Conclusion: A Seamless Data Journey
In conclusion, this project demonstrates the power of automation and integration in the data processing realm. By orchestrating data extraction with Airflow, streaming with Kafka and Spark, loading into Cassandra, and querying with Trino, we’ve created a robust and scalable pipeline. This not only ensures a continuous flow of weather data but also enables efficient querying and analysis, unlocking valuable insights for various applications.

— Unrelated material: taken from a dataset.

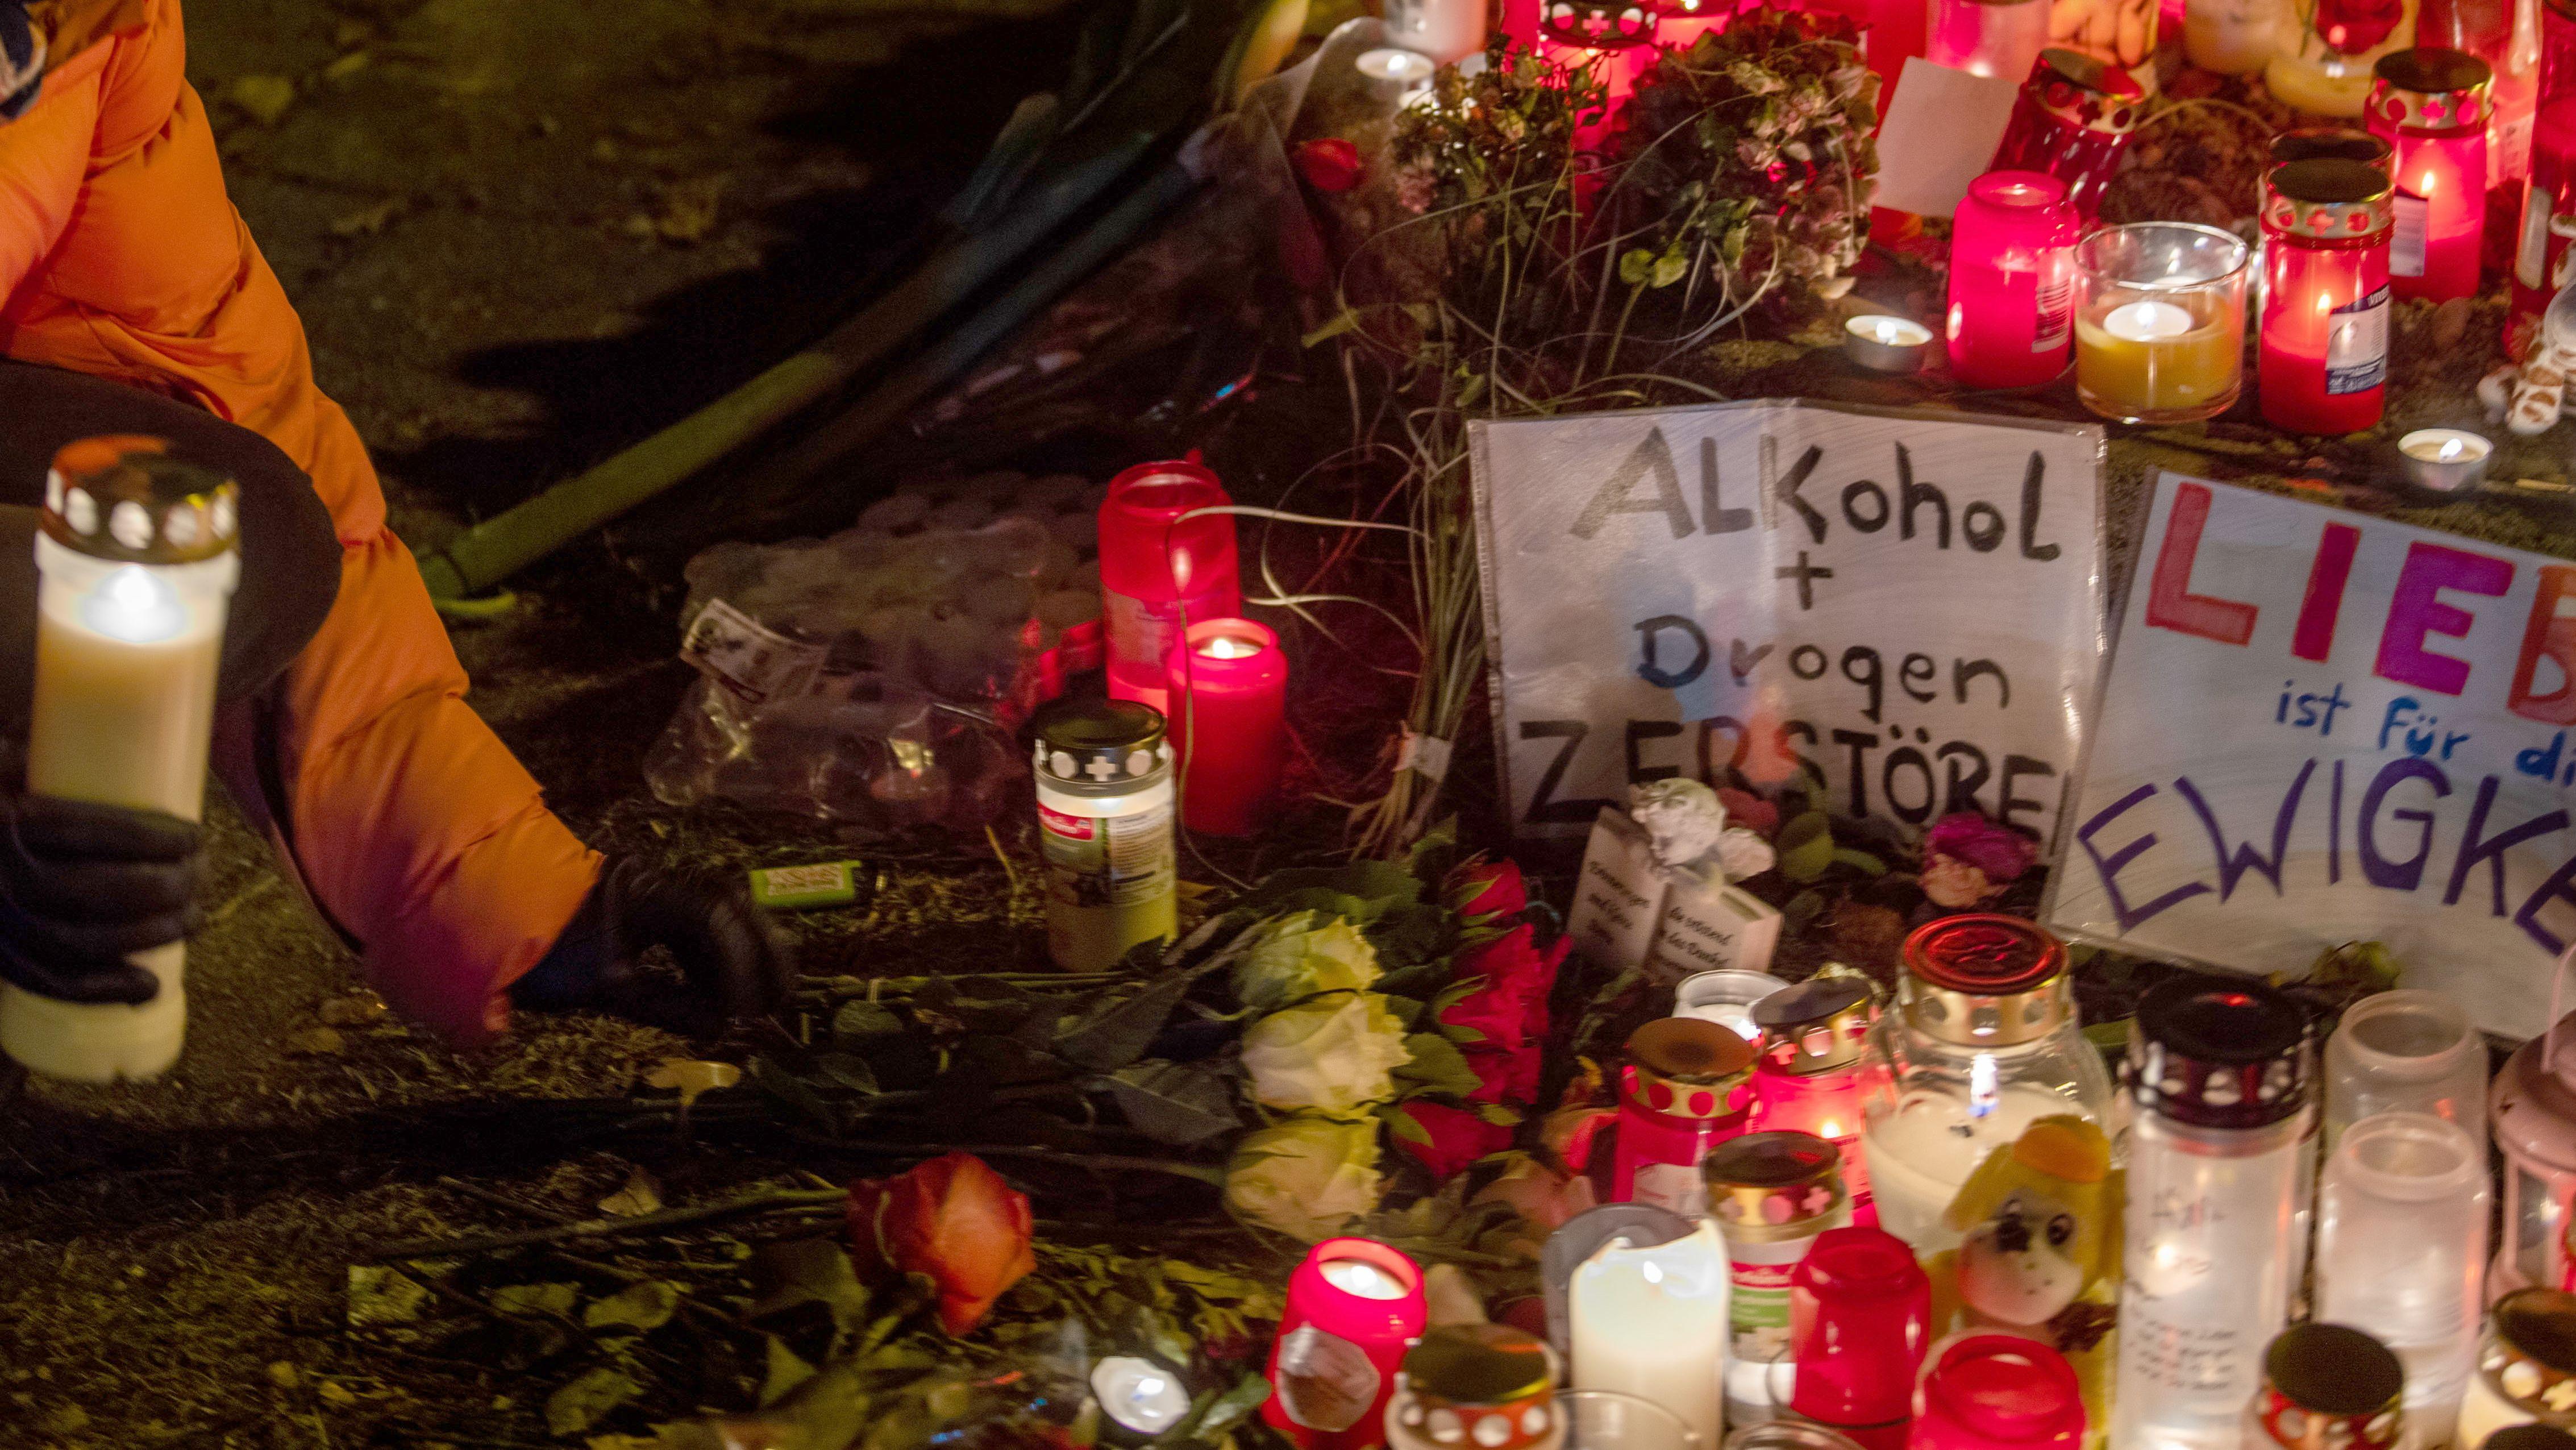 Kerzen stehen bei der Mahnwache für den bei dem Raserunfall getöteten jungen Mann an der Fürstenrieder Straße. Ein Raser hatte den 14-Jährigen mit seinem Auto erfasst.

Weather Insights Unleashed: A Daily Data Odyssey with ELT and Airflow, Minio, Airbyte, DBT, Metabase, and Trino
In the era of data-driven decision-making, extracting, transforming, and analyzing weather data can unlock valuable insights. This blog chronicles a comprehensive project that employs Apache Airflow, Minio (S3), Airbyte, DBT, Metabase, and Trino to seamlessly orchestrate the daily journey of weather data for Pondicherry and Melbourne, from extraction to analysis.
High-level architecture diagram:
Phase 1: CSV Extraction and Minio Storage
1.1 Data Transformation to CSV
Building upon the existing project, extend the data transformation process to export the weather information for Pondicherry and Melbourne into CSV format.
1.2 Minio (S3) Storage
Integrate Minio, an open-source object storage solution compatible with Amazon S3, into the workflow. Configure Minio to create a bucket and store the extracted CSV files securely.
Phase 2: Loading to Postgres DB with Airbyte
2.1 Airbyte Integration
Leverage Airbyte, an open-source data integration platform, to seamlessly move data from Minio to Postgres DB. Configure Airbyte connections for Minio as the source and Postgres as the destination.
2.2 Airflow Orchestration
Extend the Airflow DAG to orchestrate the entire process. This includes triggering the CSV extraction, storing it in Minio, and orchestrating the data transfer from Minio to Postgres using Airbyte.
Phase 3: ELT with DBT for Daily Analysis
3.1 DBT Modeling
Use DBT, a popular data modeling tool, to define models that transform the raw weather data into meaningful aggregates. Write SQL transformations to calculate average weather metrics for Pondicherry and Melbourne.
3.2 Automated DBT Runs with Airflow
Integrate DBT into the Airflow workflow. Schedule and execute DBT runs every day at 1 AM after each data load, ensuring that the analysis is always up-to-date.
Phase 4: Visualizing Insights with Metabase
4.1 Metabase Integration
Connect Metabase, an open-source business intelligence tool, to the Postgres DB where the transformed weather data resides. Configure Metabase to visualize the data and create dashboards.
4.2 Airflow-Metabase Integration
Extend the Airflow DAG to automate the refreshing of Metabase dashboards every day after the DBT run, ensuring that stakeholders have access to the latest weather insights.
Phase 5: Seamless Querying with Trino
5.1 Trino Configuration
Configure Trino to act as the query engine, allowing users to seamlessly query the transformed weather data stored in Postgres and explore insights.
5.2 Unifying the Ecosystem
Highlight the synergy achieved by integrating Airflow, Minio, Airbyte, DBT, Metabase, and Trino, creating a cohesive ecosystem for daily weather data management and analysis.
Conclusion: Empowering Daily Data-Driven Decisions
In conclusion, this project exemplifies the power of integrating various tools to create a streamlined pipeline for daily weather data extraction, loading, transformation with DBT, analysis, and visualization. By orchestrating this process with Apache Airflow, each component seamlessly contributes to the daily journey, ultimately empowering users to make informed, data-driven decisions based on the average weather insights for Pondicherry and Melbourne. The ELT process using DBT ensures that data transformations are done efficiently and consistently, adding a robust layer to the data pipeline. The system’s automation ensures that stakeholders wake up every day to the freshest weather insights at 1 AM.